Missing values in `emp_length_num` were 
* imputed with -1, and 
* a missing flag `f_emp_length_missing` created 

in the training set and the same will be applied to the test set. 

In [18]:
# Create a flag for missing employment length
df_test['f_emp_length_missing'] = df_test['emp_length_num'].isna().astype(int)

# impute with -1
df_test['emp_length_num'] = df_test['emp_length_num'].fillna(-1)

# Check missing counts after imputation
print("Missing counts after imputation:\n", df_test[['emp_length_num']].isna().sum(),"\n")
print(df_test["f_emp_length_missing"].value_counts(normalize=True))

Missing counts after imputation:
 emp_length_num    0
dtype: int64 

f_emp_length_missing
0   0.932
1   0.068
Name: proportion, dtype: float64


### 3.5 Drop Redundant Features

Drop variables that have been discarded in the training set treatment due to leakage and other reasons.

In [19]:
# Get the dropped variable list
drop_all = fmeta[fmeta['Drop']==1]['Variable_Name'].to_list()
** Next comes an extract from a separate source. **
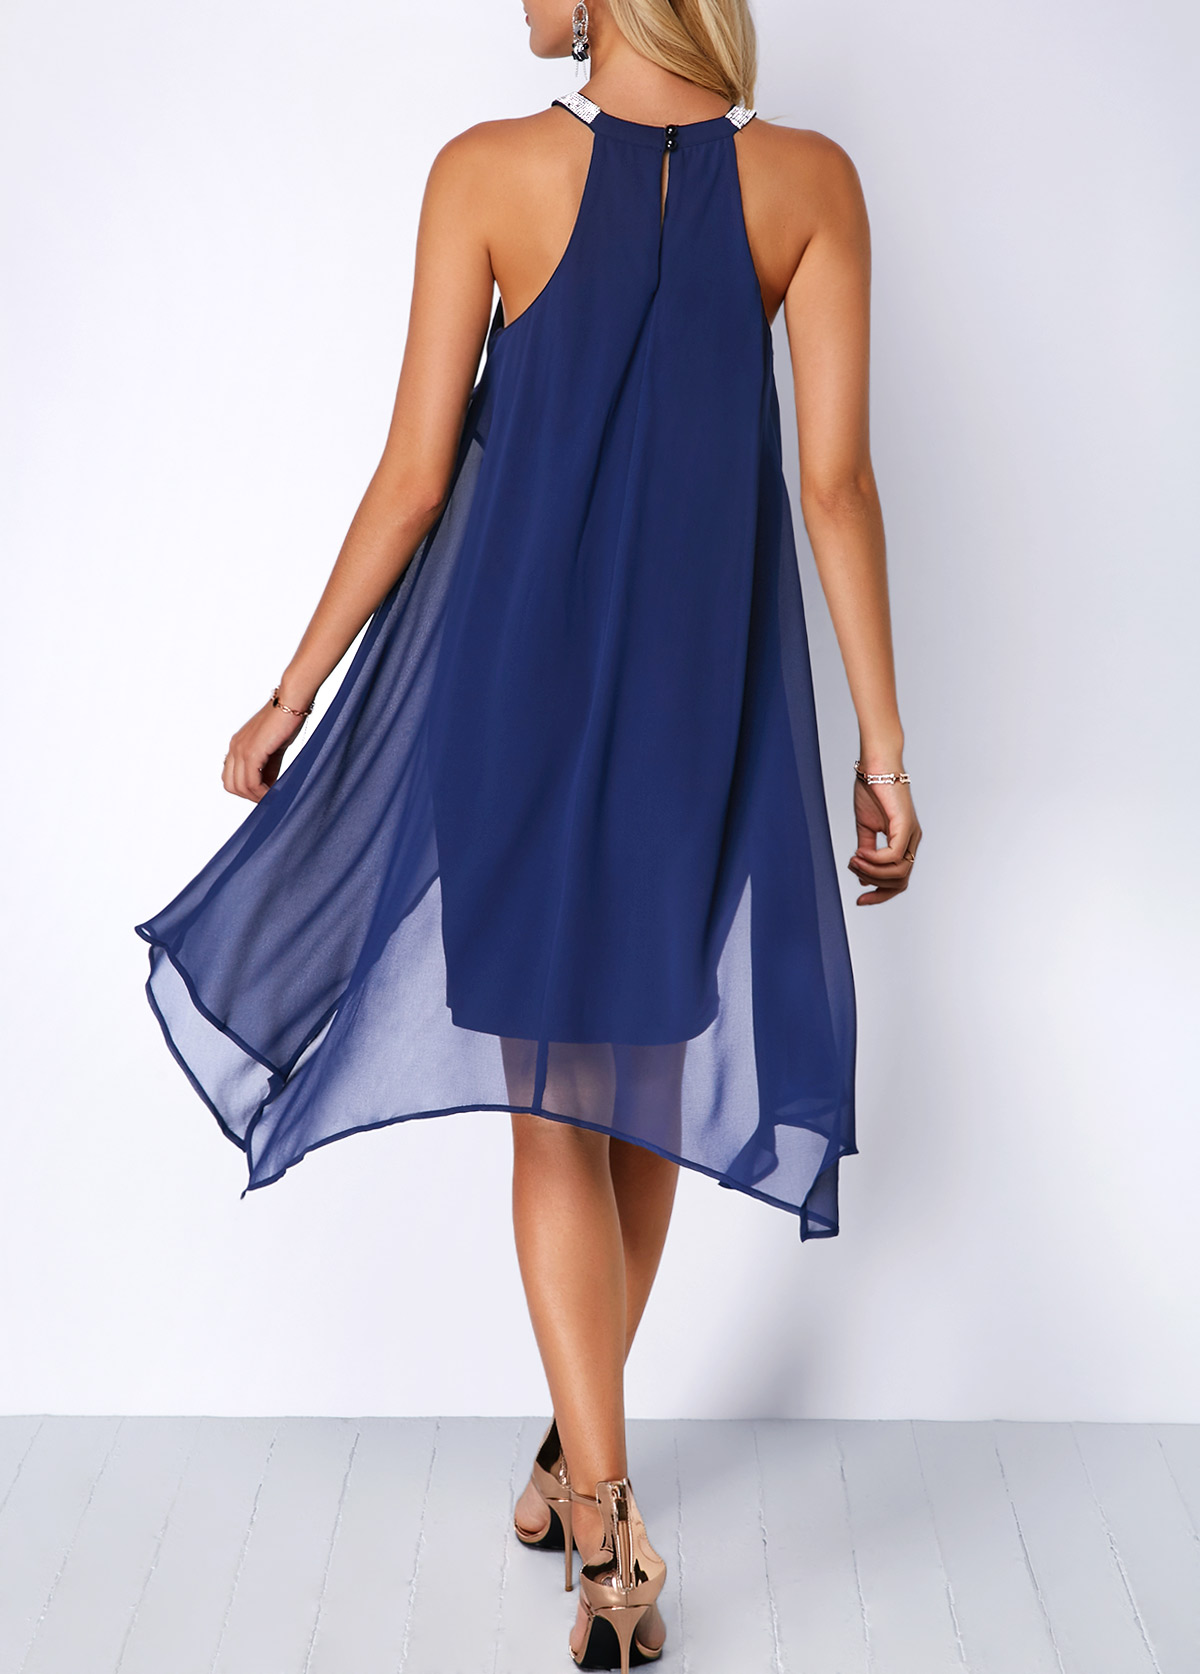 Embellished Neck Chiffon Overlay Blue Dress | Rotita.com ...

# Some variables are already dropped before train-test split; find the remaining ones
test_vars = df_test.columns.to_list()
drop_test = list(set(drop_all) & set(test_vars))

# Drop variables
df_test.drop(columns=drop_test, inplace=True)
print(df_test.shape)


(205520, 104)


## 4. Consistency Checking Against the Training Set

In [20]:
# Check if both datasets have the same set of variables
df_train = pd.read_csv('../data/interim/train_base_cleaned.csv')
set(df_test.columns) == set(df_train.columns)

True

In [21]:
df_test.to_csv('../data/interim/test_base_cleaned.csv', index=False)